# [Exercise objective]
Every line from the first one in the data below through the line holding "Admire the Architecture" is to be written out exactly, with the pictures omitted.

# [Data excerpt]
◇ ◇ ◇ ◇ ◇
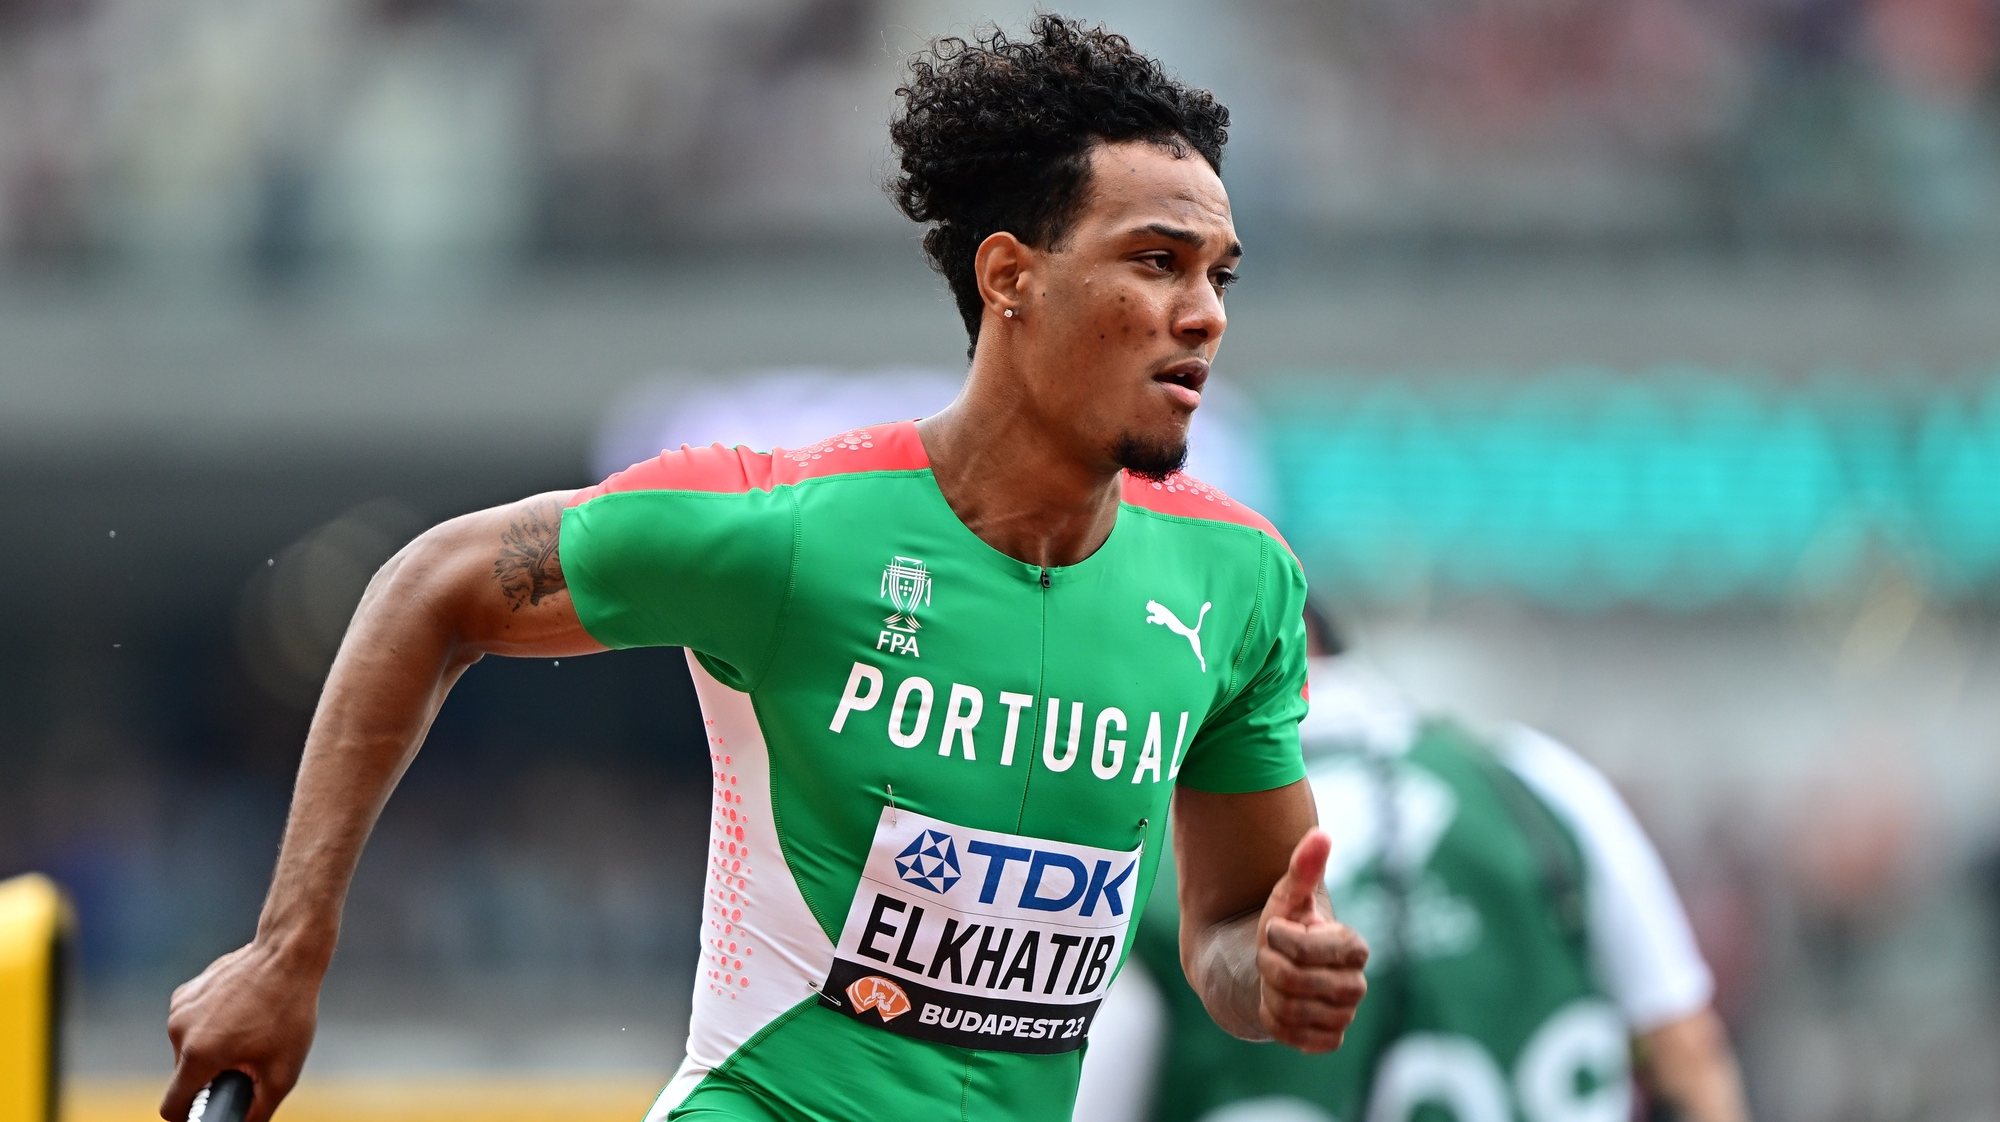 epa10806852 Omar Elkahatib of Portugal in action during the 4x400 Metres Relay Mixed Heat 1 competition of the World Athletics Championships in Budapest, Hungary, 19 August 2023.  EPA/CHRISTIAN BRUNA
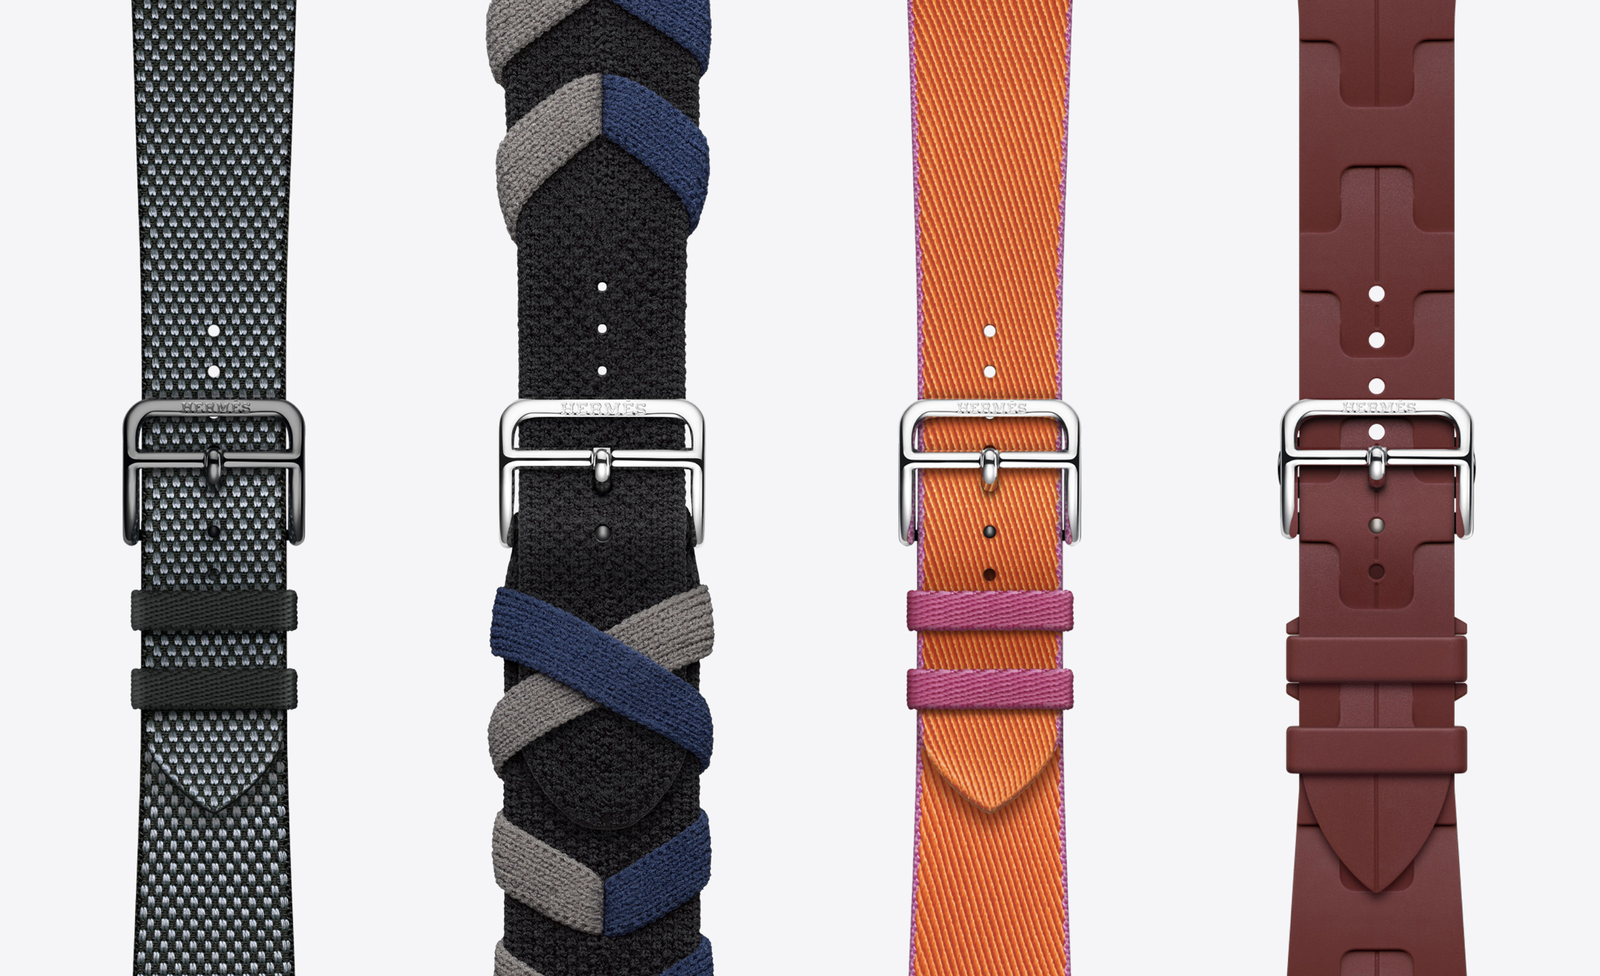 Watch Straps and Bands: A Guide to Different Materials and Styles
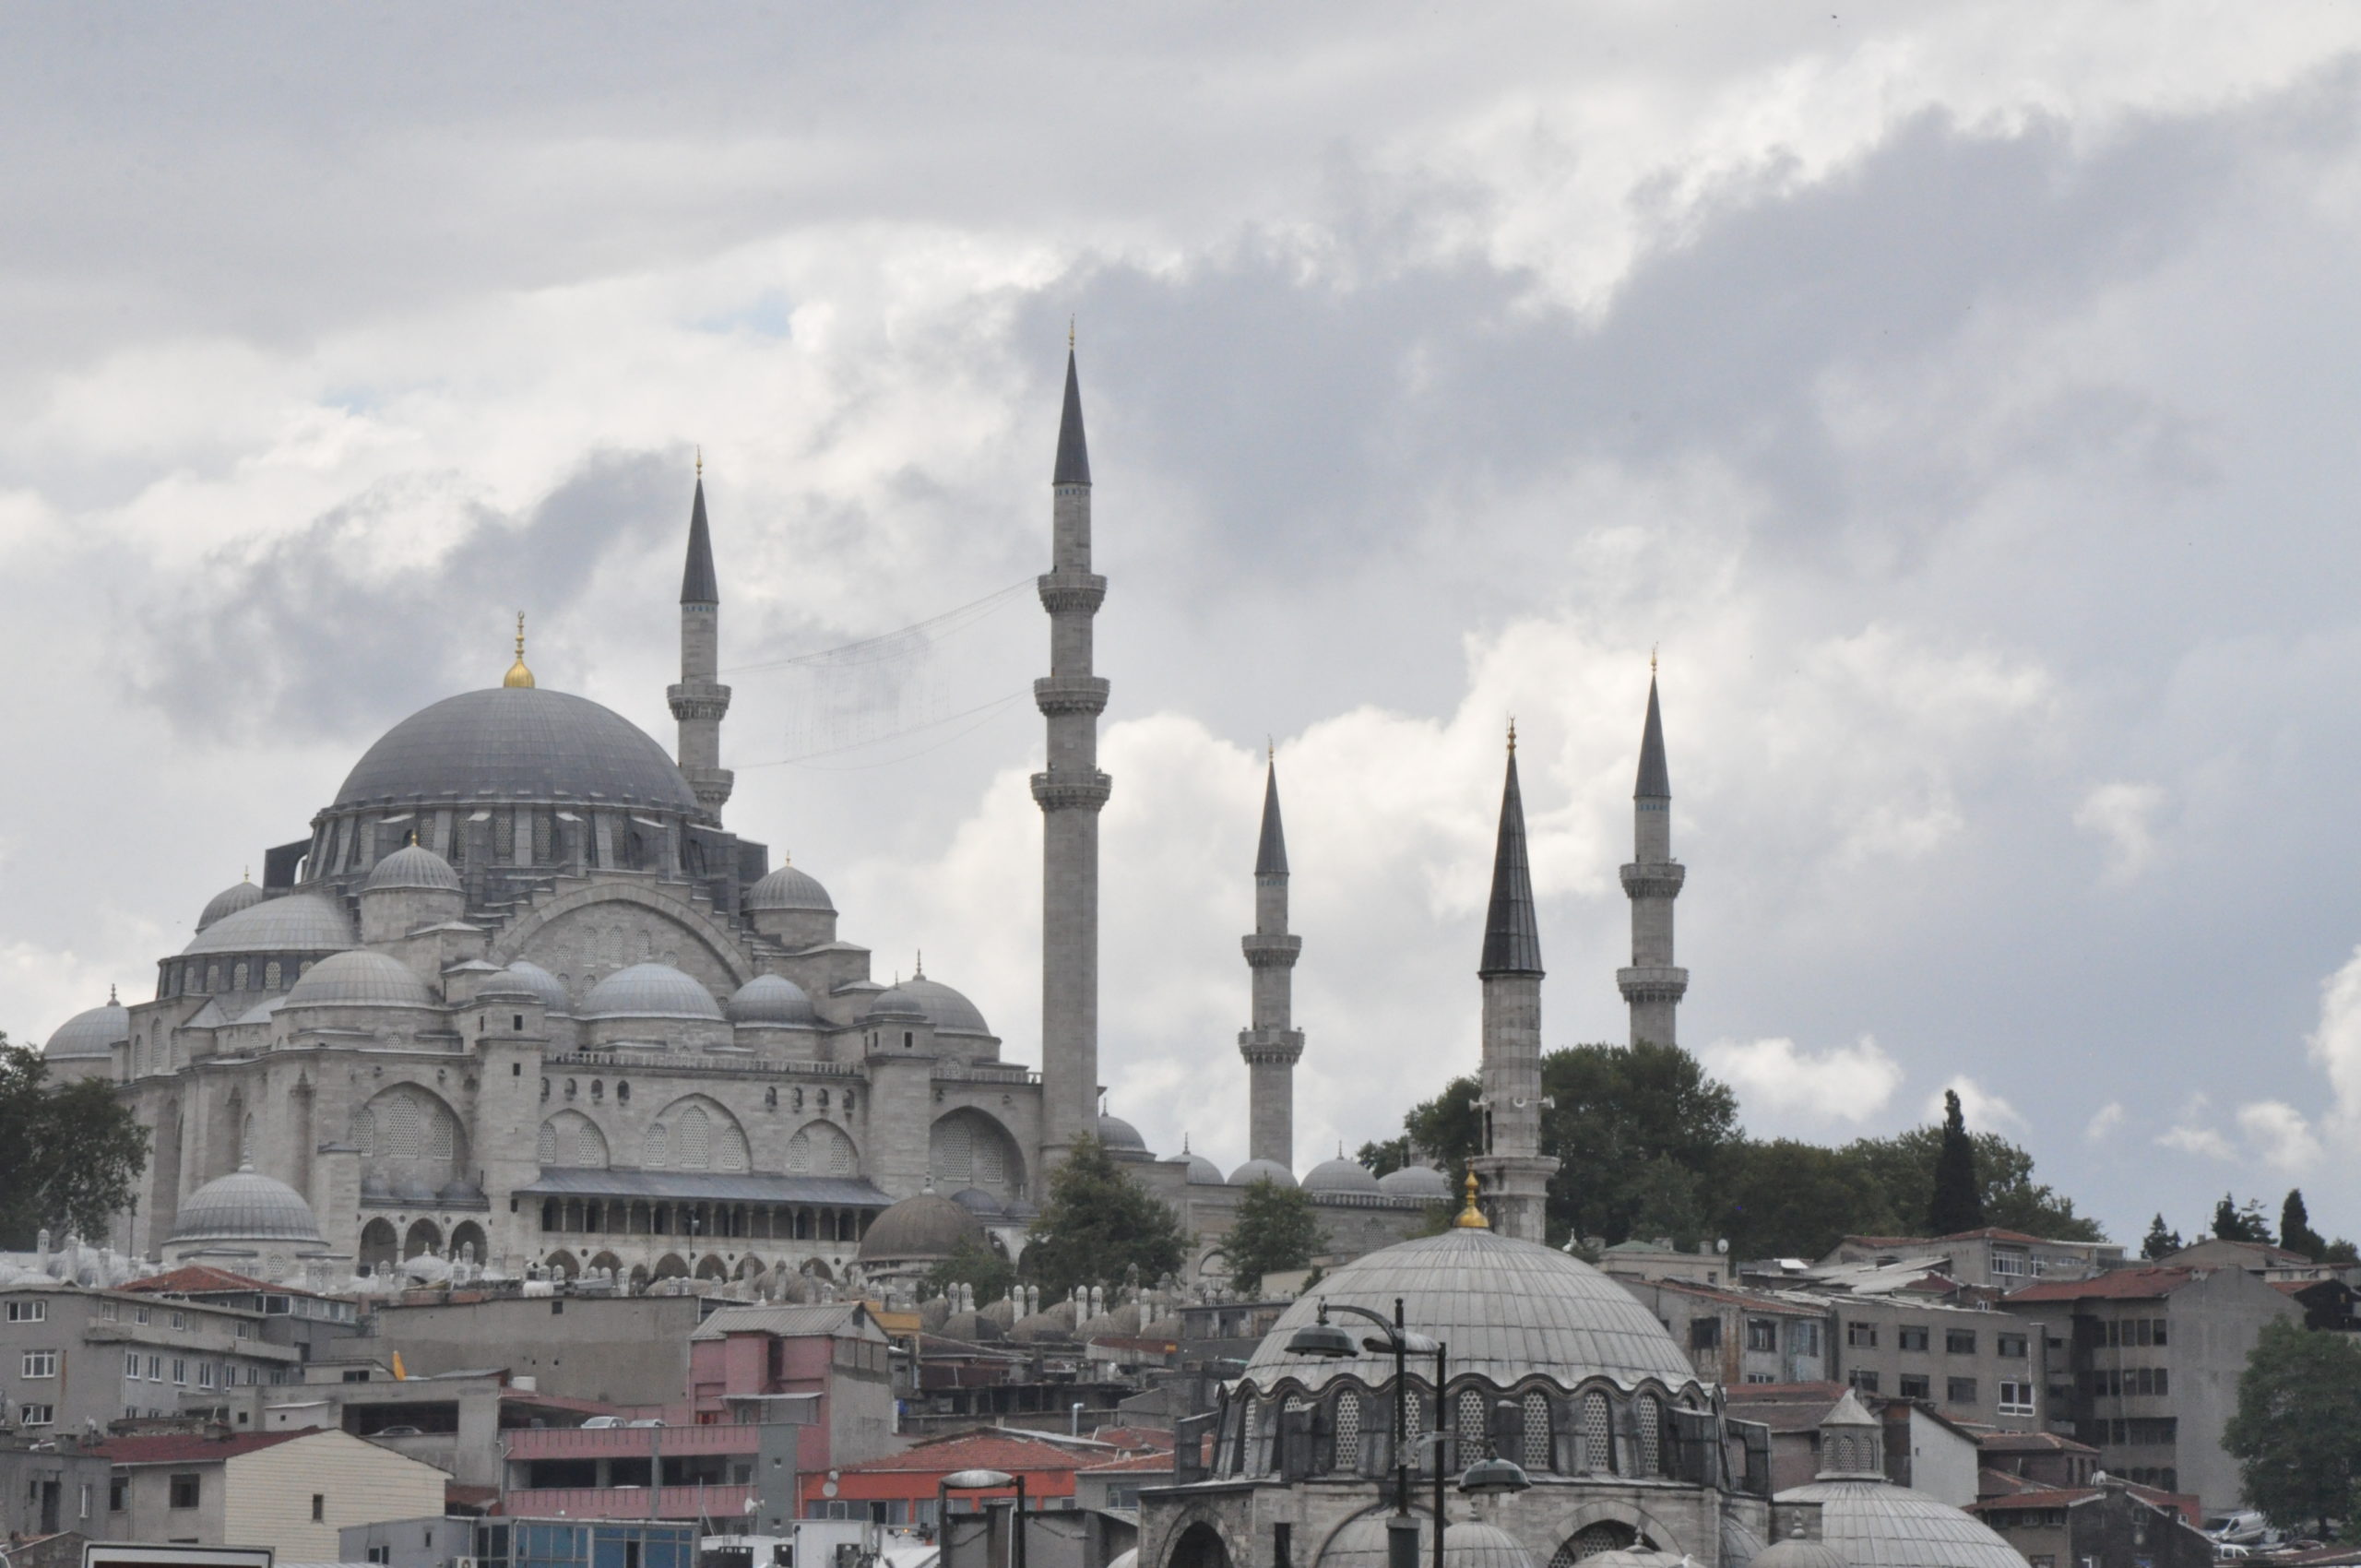 Admire the Architecture of the Süleymaniye Mosque
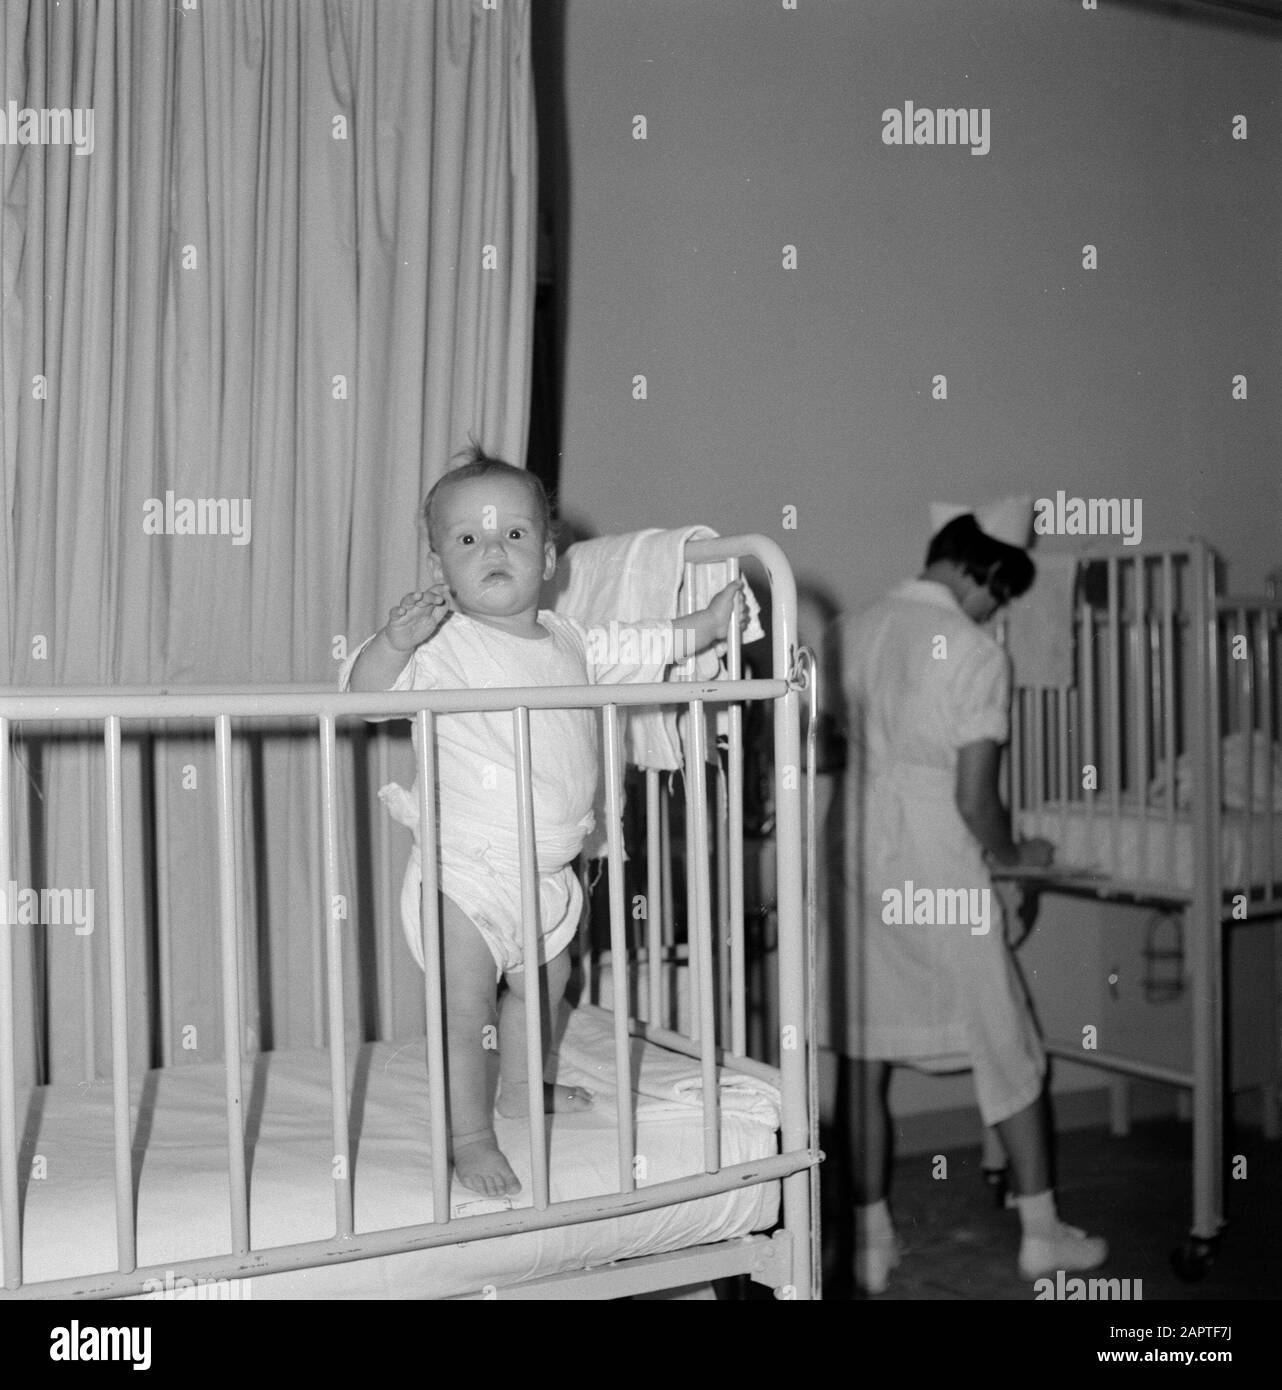 Hadassah university medical center. Department of Pediatrics. A patientje standing in bed Date: 1960 Location: Israel Keywords: beds, children, hospitals Stock Photo
◇ ◇ ◇ ◇ ◇
# [Solution to this exercise]
 epa10806852 Omar Elkahatib of Portugal in action during the 4x400 Metres Relay Mixed Heat 1 competition of the World Athletics Championships in Budapest, Hungary, 19 August 2023.  EPA/CHRISTIAN BRUNA
 Watch Straps and Bands: A Guide to Different Materials and Styles
 Admire the Architecture of the Süleymaniye Mosque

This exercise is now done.